▸ **What to work on**
Every line of the listing below should be written out exactly, minus its images.

▸ **Data segment**
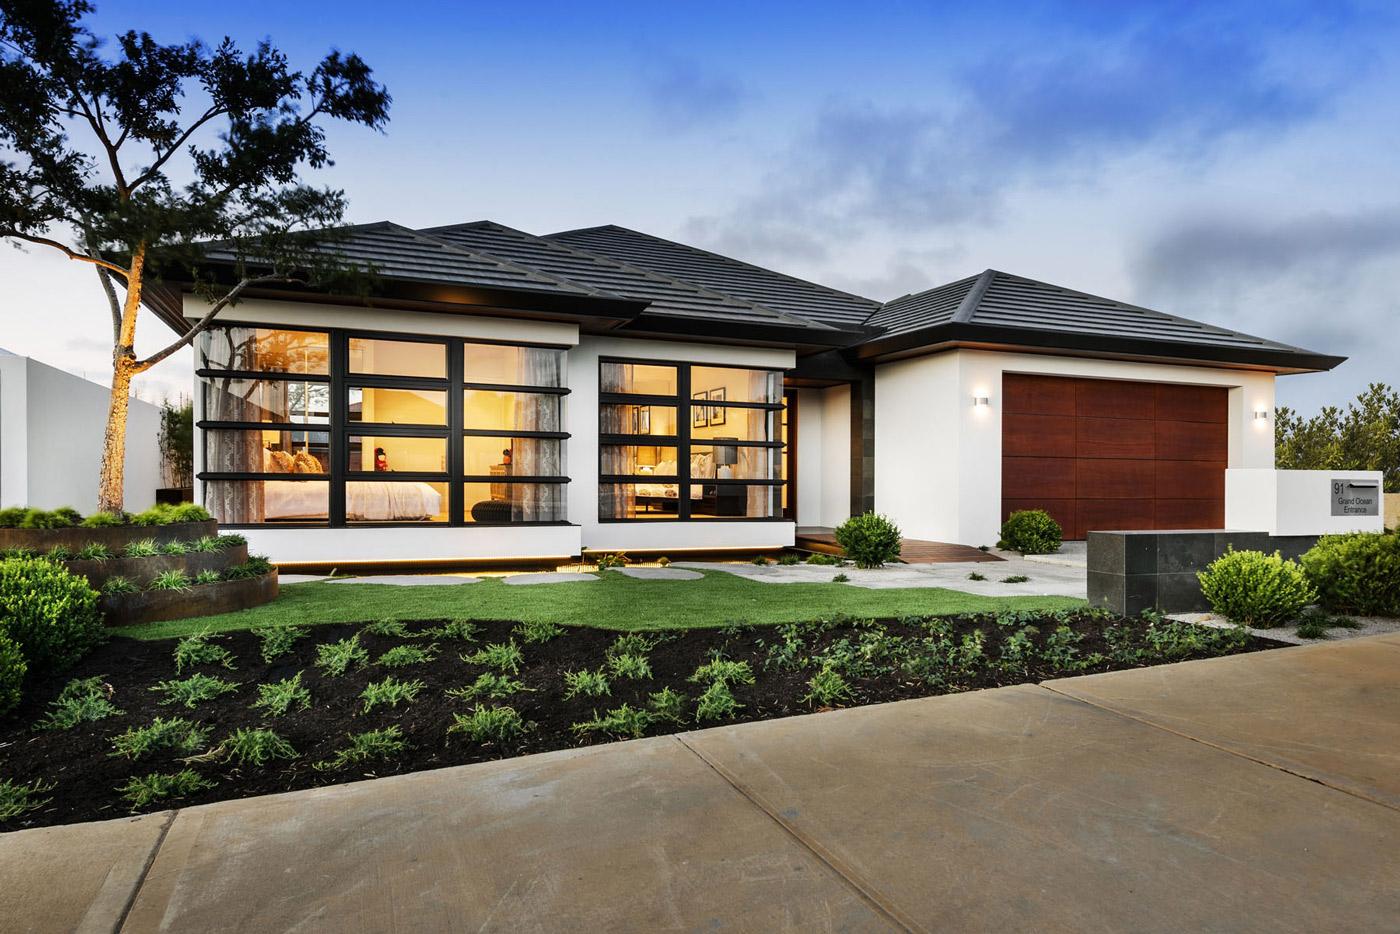 Front Facade, House in Burns Beach, Perth
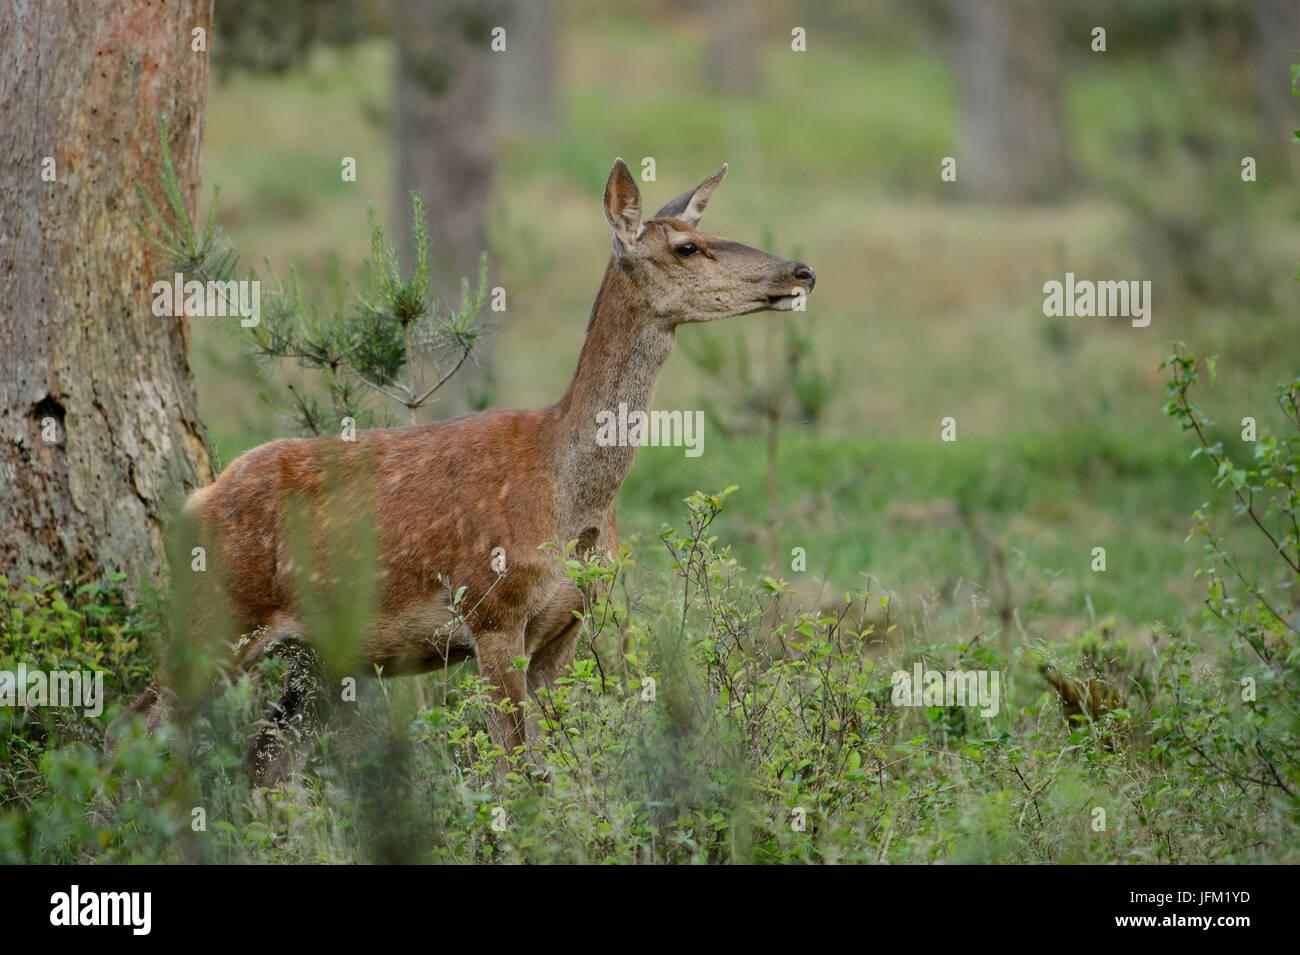 Red Deer hind sentir dans l'air. Le Parc national Hoge Veluwe, Pays-Bas Photo Stock
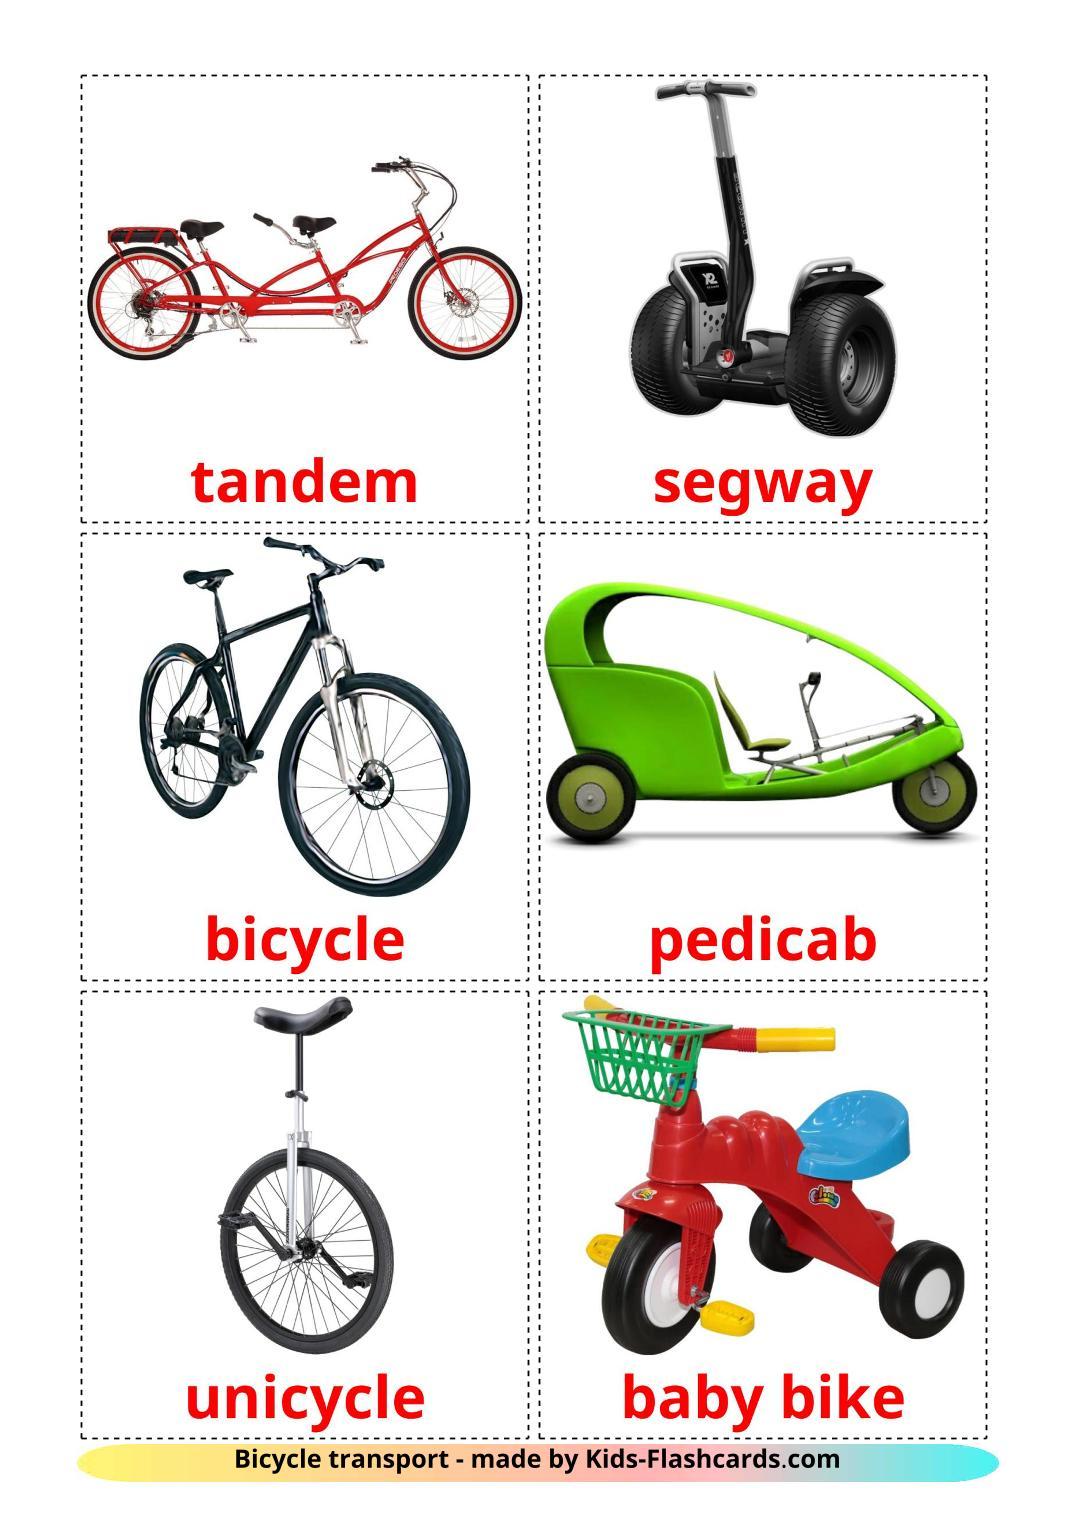 Bicycle transport - 16 Free Printable english Flashcards

▸ **Reply**
 Front Facade, House in Burns Beach, Perth
 Red Deer hind sentir dans l'air. Le Parc national Hoge Veluwe, Pays-Bas Photo Stock
 Bicycle transport - 16 Free Printable english Flashcards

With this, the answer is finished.